Jobeet - My work is done

As I've written earlier I've been helping out with the symfony Jobeet tutorial. The tutorial runs for another two days, but my work is done. Well, sort of. So time to look back at Jobeet...

Just to clear things up for people not in the know: About two years ago, for symfony 1.0, the symfony team wrote a 24-day tutorial during the days before christmas (int he spirit of an advent calendar), which described how you would approach a typical symfony project. The tutorial described the development of the Askeet! application, a community question/answer application. This year, Fabien from symfony initiated a follow-up to that. He gathered some cool people from the symfony community (and me ;) ) and wrote another tutorial, focussing on symfony 1.2. This time, the application being developed is an online job board called Jobeet.

I was still relatively new to symfony 1.2 when i started this job. I know the theoretical differences between the versions and had played around a bit with 1.2, but hadn't had time to really dive into this. In my role as "Subversion manager" I've been responsible for executing all days tutorials into code, and manage those in the repository. So if you find any bugs in the Jobeet repository, let me know. It will be my fault and I'll fix it ;)
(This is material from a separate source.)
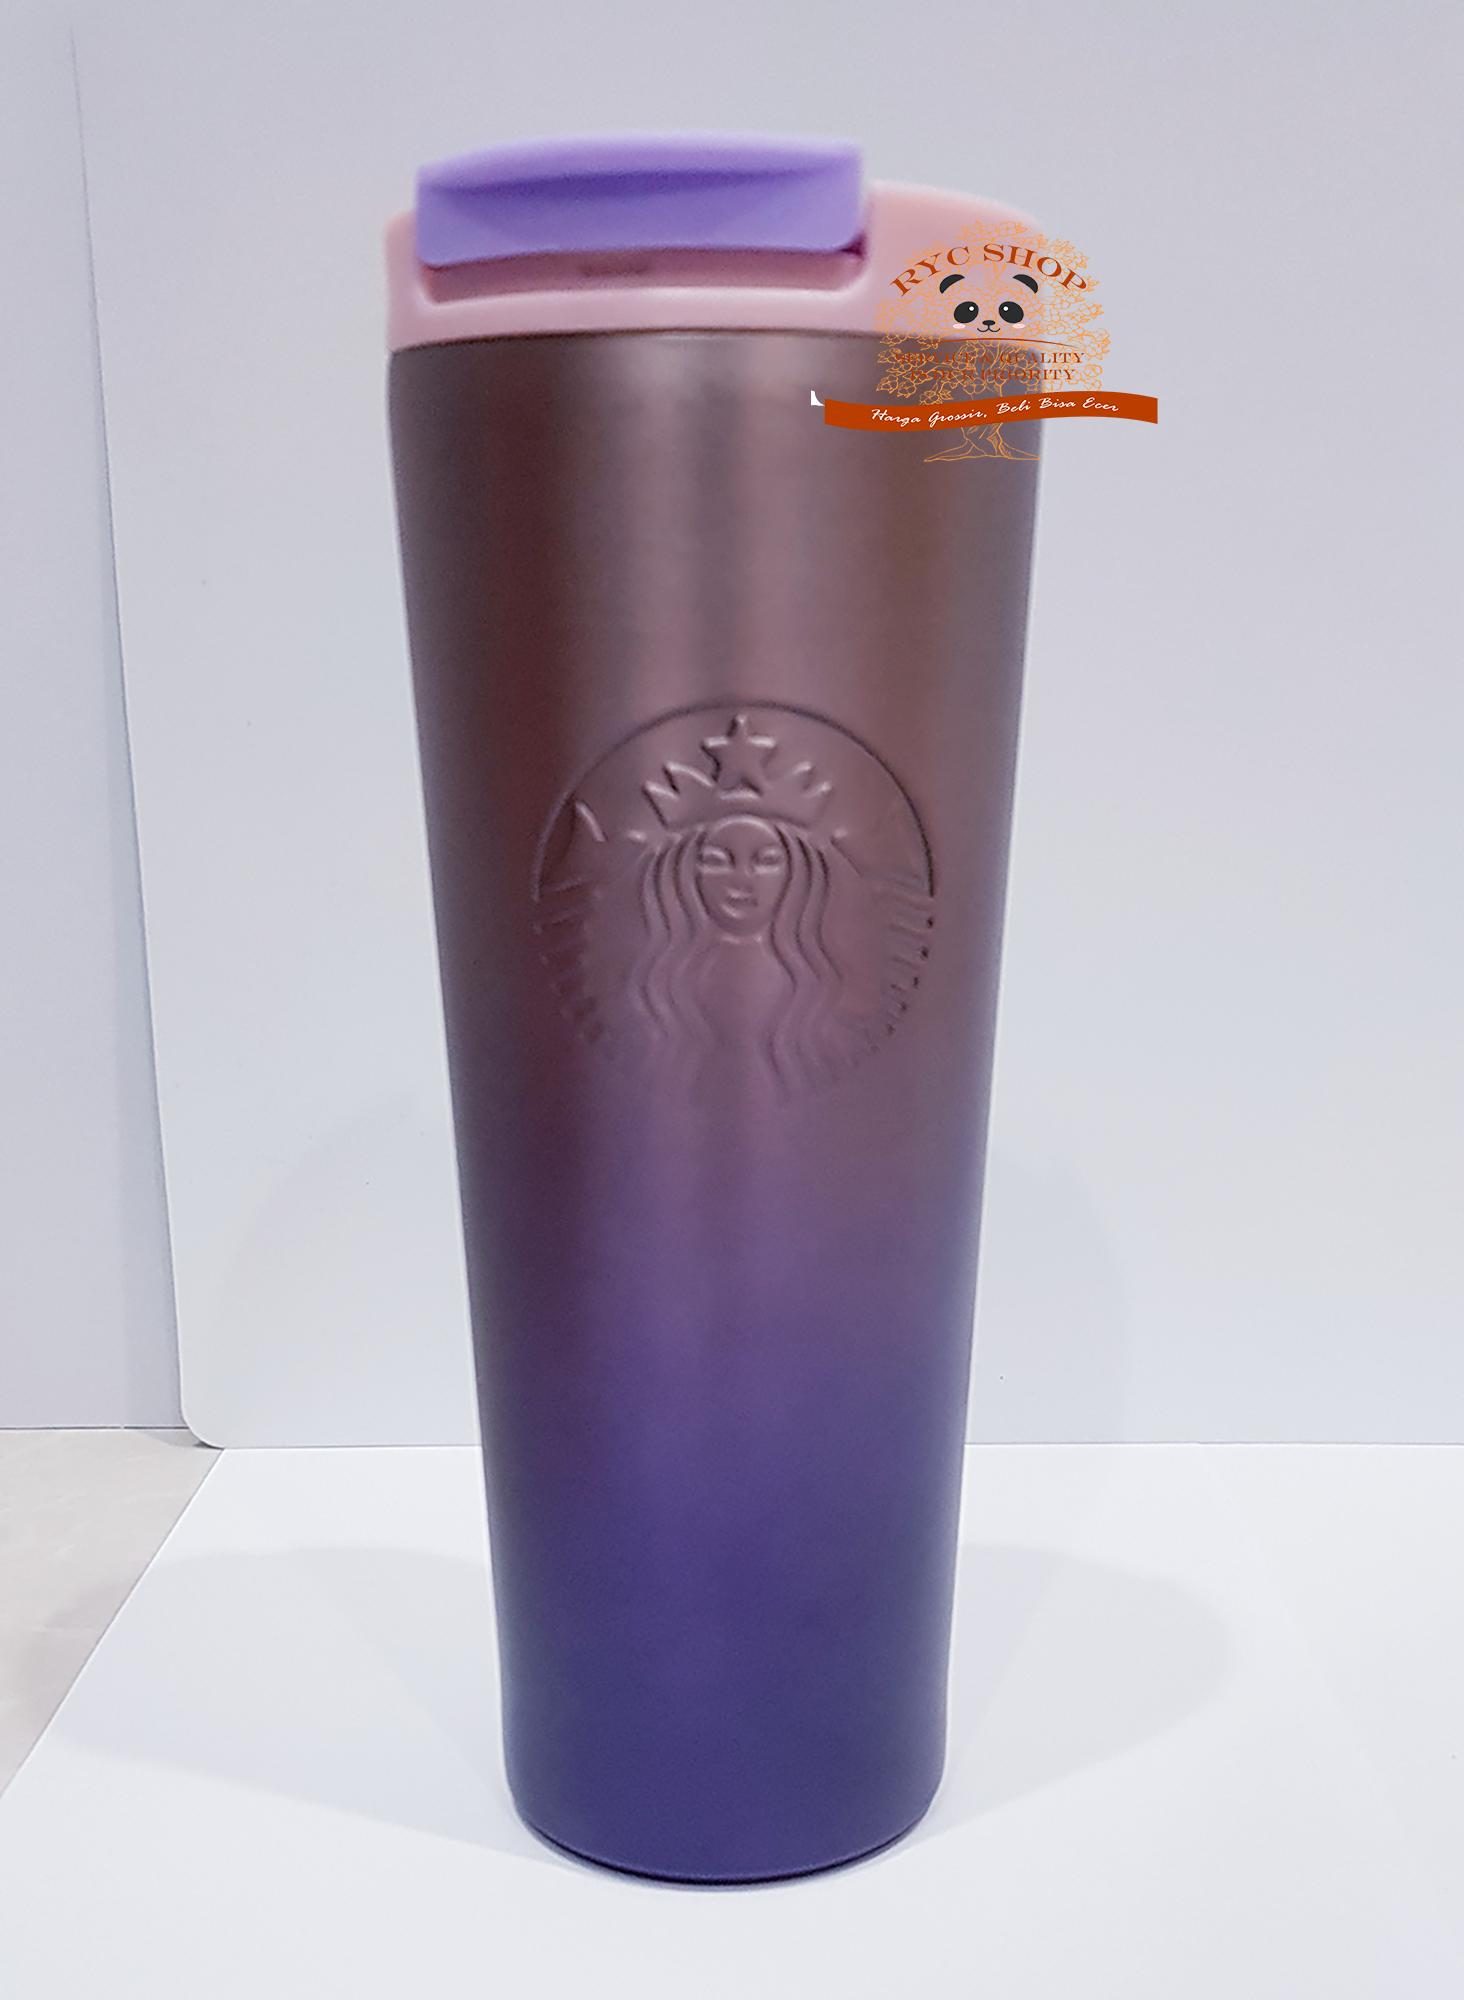 Jual Produk Starbucks Terbaru | Lazada.co.id

Anyway, my task in this project has allowed me to actually work with all the cool new features. Of all these cool new features, some are most excellent. For instance, the new routing, especially the integration with the ORM, is excellent. Aside from that, the new REST support is also awesome for easily creating web services in symfony. And another great thing is that the tutorial is not limited to Propel such as Askeet was, but there is a parallel version of the tutorial for Doctrine ORM as well!

Most people will know that you learn most by simply doing, and executing the Jobeet tutorial you will actually do a lot of stuff yourself. This makes the Jobeet tutorial a most excellent way of getting to know symfony. Or even if you have experience with symfony 1.0 or 1.1, it will easily and surely introduce you to the differences with previous versions. Go and have a look!